Welcome to PF, Kapital.
It's a matter of leverage. In a bottle like that, the centre of gravity is low. Hitting at or below that point will impart linear impulse. Hitting higher will impart torque that works around the CG. (If it was a very tall bottle, with the CG higher, hitting low would also tip the thing over, but in the opposite direction.)

3. Aug 6, 2012

### jbriggs444

A force will always impart a linear impulse. Unless it is applied directly toward the axis of rotation, it will also impart a rotational impulse.

Note that in the physics vernacular, the "axis of rotation" is an arbitrary choice. One chooses an axis of rotation that will make the analysis of a problem simpler. The center of gravity is not the only possible choice, but it is a reasonable one and makes the physics notion of "angular momentum" match up well with our everyday notion of rotation.

If the force in this case is applied as a sharp blow then a blow above the center of gravity will impart a forward rotational impulse. A blow below the center of gravity will impart a backward rotational impulse. In addition to this, the force will always impart a forward linear impulse.

Following the blow, the [now moving] bottle will experience torques from friction on the table and from the supporting force from the table.

Determining whether the resulting rotation is sufficient to take the bottle past the tipping point is a moderately complicated exercise that could involve the coefficient of static friction, the height and magnitude of the applied force, the width of the base of the bottle, the height of the center of gravity, and the bottle's mass and moment of inertia.

If the force were applied smoothly, steadily ramping up until something happens then the analysis is much simpler. Choose the far corner of the bottle's base as the axis of rotation. The higher the point of application of the force, the greater the torque it imparts.

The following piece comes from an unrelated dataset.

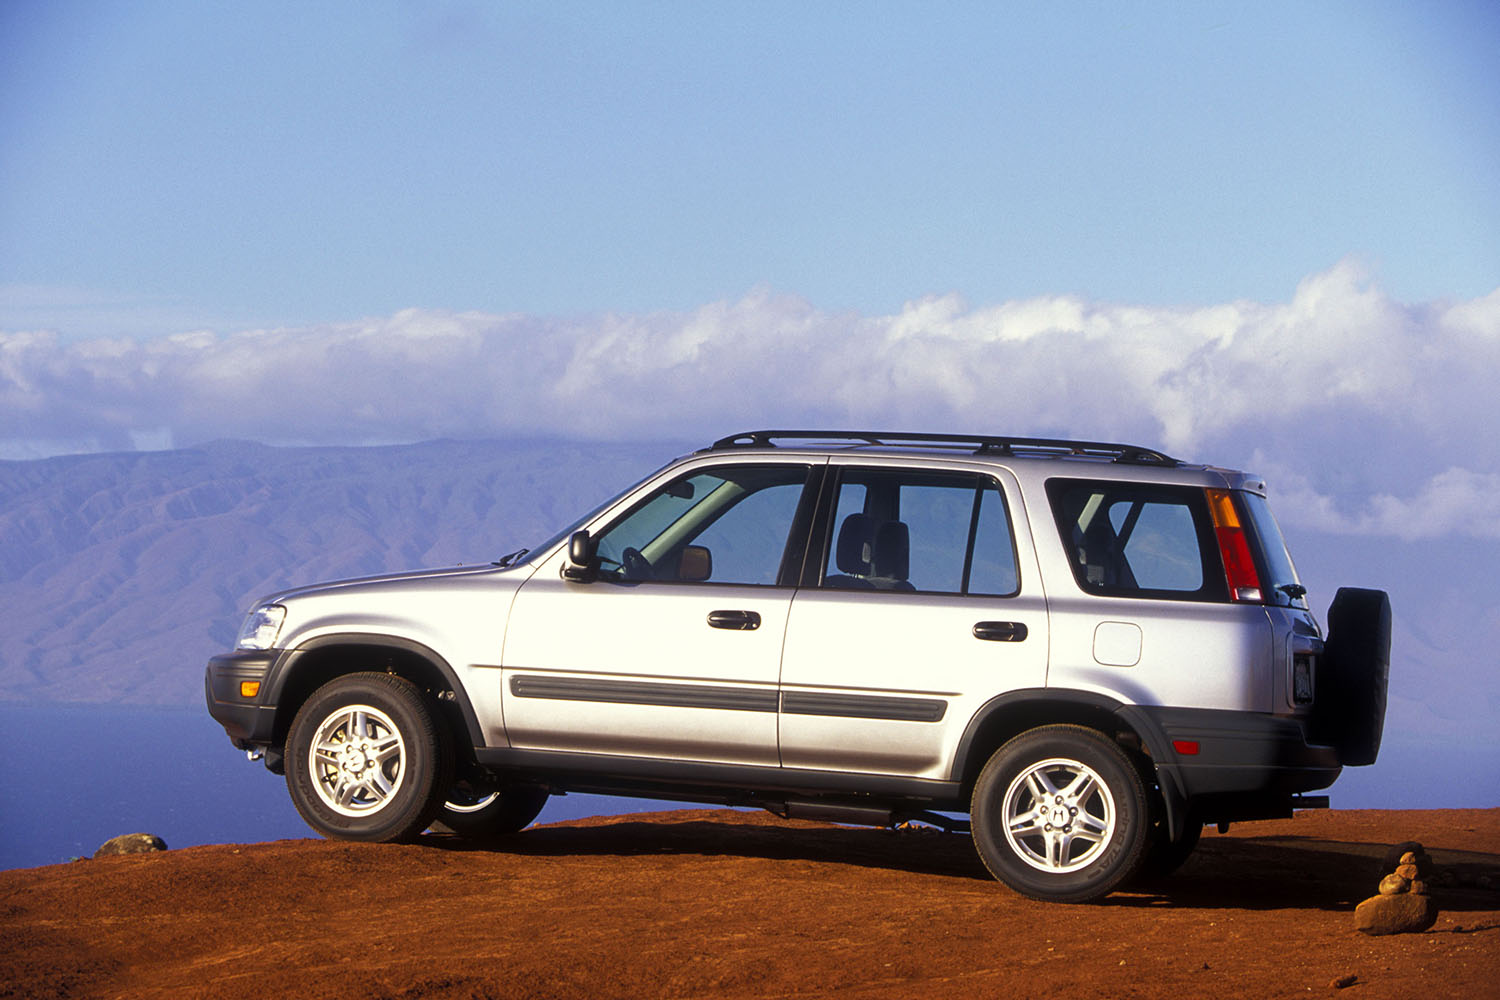 1997 Honda CR-V in silver parked on a cliff overlooking mountains and clouds.

There is a critical height which depends on the width of the bottles base and the coefficient of static friction. Push above this height and you get a tip. Push below this height and you get a slide. This height can be computed as:

h = 1/2 * b / μ

Where h is the height of the applied force, b is the width of the base and μ is the coefficient of static friction. [The height of the center of gravity does not matter in this situation]